Play The Field and Win the Man of Your Dreams*

*If your dreams involve Freddy Krueger

The advice for women to play the field is the basis of many a self-help book and equivalent of a winning lotto ticket for many a relationship expert. “My God, it’s not my parents’ divorce, a fear of phallic objects and that pesky meth habit that’s kept me single – it’s just that I need to date a shit-ton of men–and then I will meet that one special guy!!!”

Obviously, this seems to be rather a large obstacle to overcome, for myself and some women (not ALL, mind you – and thank God for that!), and so we keep buying the self-help books and listening to those relationship experts who, really, have a jacked-up love life themselves (I’m looking at you, Patti Duck-Lips Stanger). I think it’s because playing the field can feel something like waiting in a bread line in Siberia, or, coming in a close second, waiting for the fucking D Line train at Park Street. I mean, there’s nothing. Tumbleweeds. Crickets. Wolves howling. And whatever does come along invokes some kind of bloodbath among the womenfolk not seen since Shark Week. And Christ, that’s just for one date with one dude! One waft of “Angel” by Vickie’s Secret and that’s it, I’m out – Get me out, GET ME OUT, just give me back the remote and the couch and the Cool Ranch Doritos and we’ll just chalk this one up to, uh, the stars not aligning or whatevs.

Now, of course that’s not reality, and indeed it is a matter of perspective. Perhaps we have become so addicted to instant gratification (“I said DIRECTIONS TO AUSTIN, TEXAS, AVOIDING HIGHWAYS, SIRI, YOU FUCKING PIECE OF SHIT! IS IT REALLY THAT DIFFICULT TO FIGURE OUT?!?!”) that when that person who can satisfy every single one of our needs doesn’t magically appear with the click of a mouse (or a slurp of the beer) we throw a fit and then throw in the towel. Hush now, there’s plenty of menz. But it’s going to take some time and energy, and some effort. And that’s what really sucks.

Yes, playing the field is a royal pain in the ass. It’s a lot of start-stop, it’s a lot of making plans with people who may or may not be sex offenders, it’s a lot of small talk, it’s a lot of bullshit.
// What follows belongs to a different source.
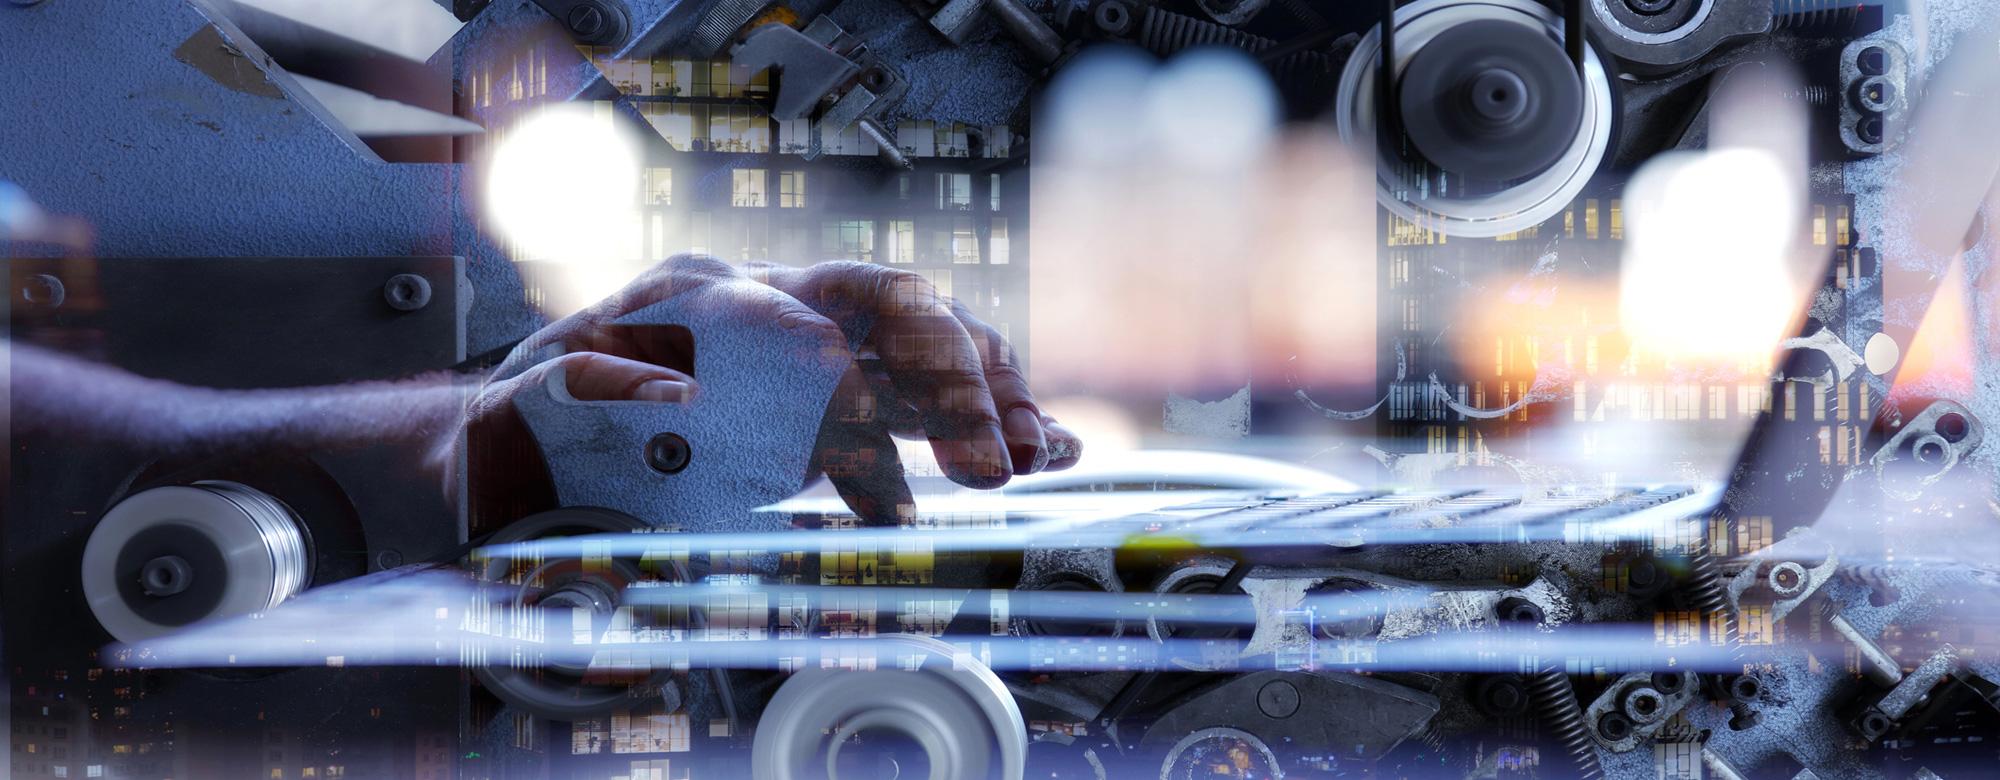 Credito d'imposta beni strumentali: come regolarizzare le fatture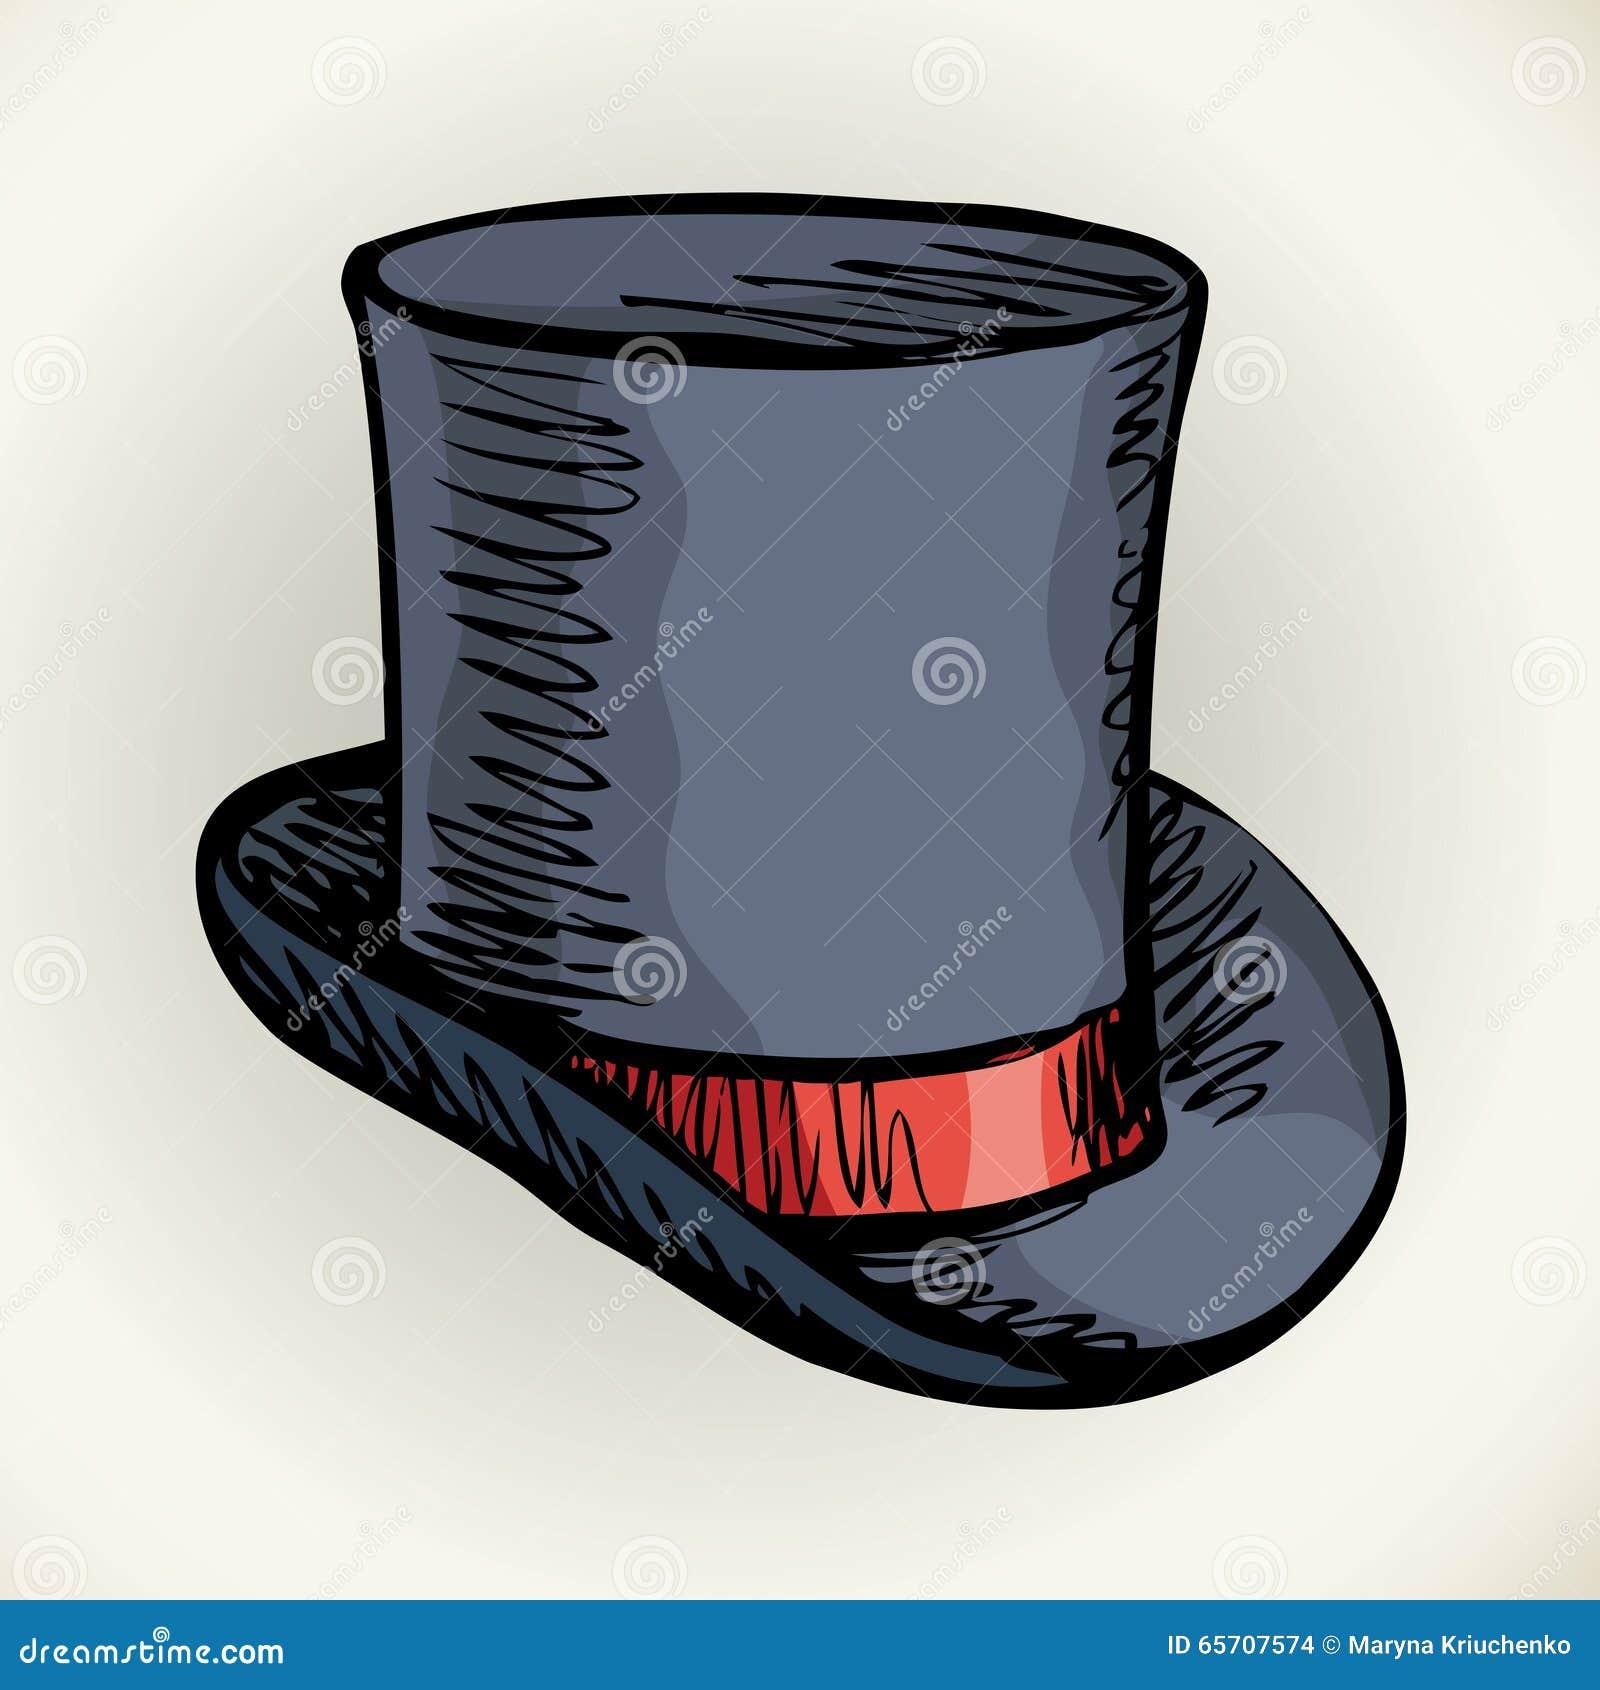 Cappello Del Cilindro Illustrazione Di Vettore Illustrazione ... 9e51c3d7bc4d

There’s no guarantee, no ROI. But it may be a good way to practice not having expectations so fucking sky high and so far up my fucking ass that only Superman on speed could satisfy me, and that would only be for 1/2 hour, twenty minutes, tops.

And here’s the kicker: if you try to play the field in order to get a boyfriend, you will fail. Yep. No one likes a relationship junkie. And they can smell desperation a mile away. No, this is all you can do: you can only ENJOY THE EXPERIENCE AND TAKE IT FOR WHAT IT IS. That’s it. That’s some deep Yoda shit right there, huh.

Of course, if you do happen to trip and fall over The One while playing the field, may rainbows and Lil’ Ponies and Carebears come shooting out of your ass because YOU HAVE WON!!!!!*

*If not, come on over. There’s a seat cushion with pet hair and Dorito crumbs with your name on it.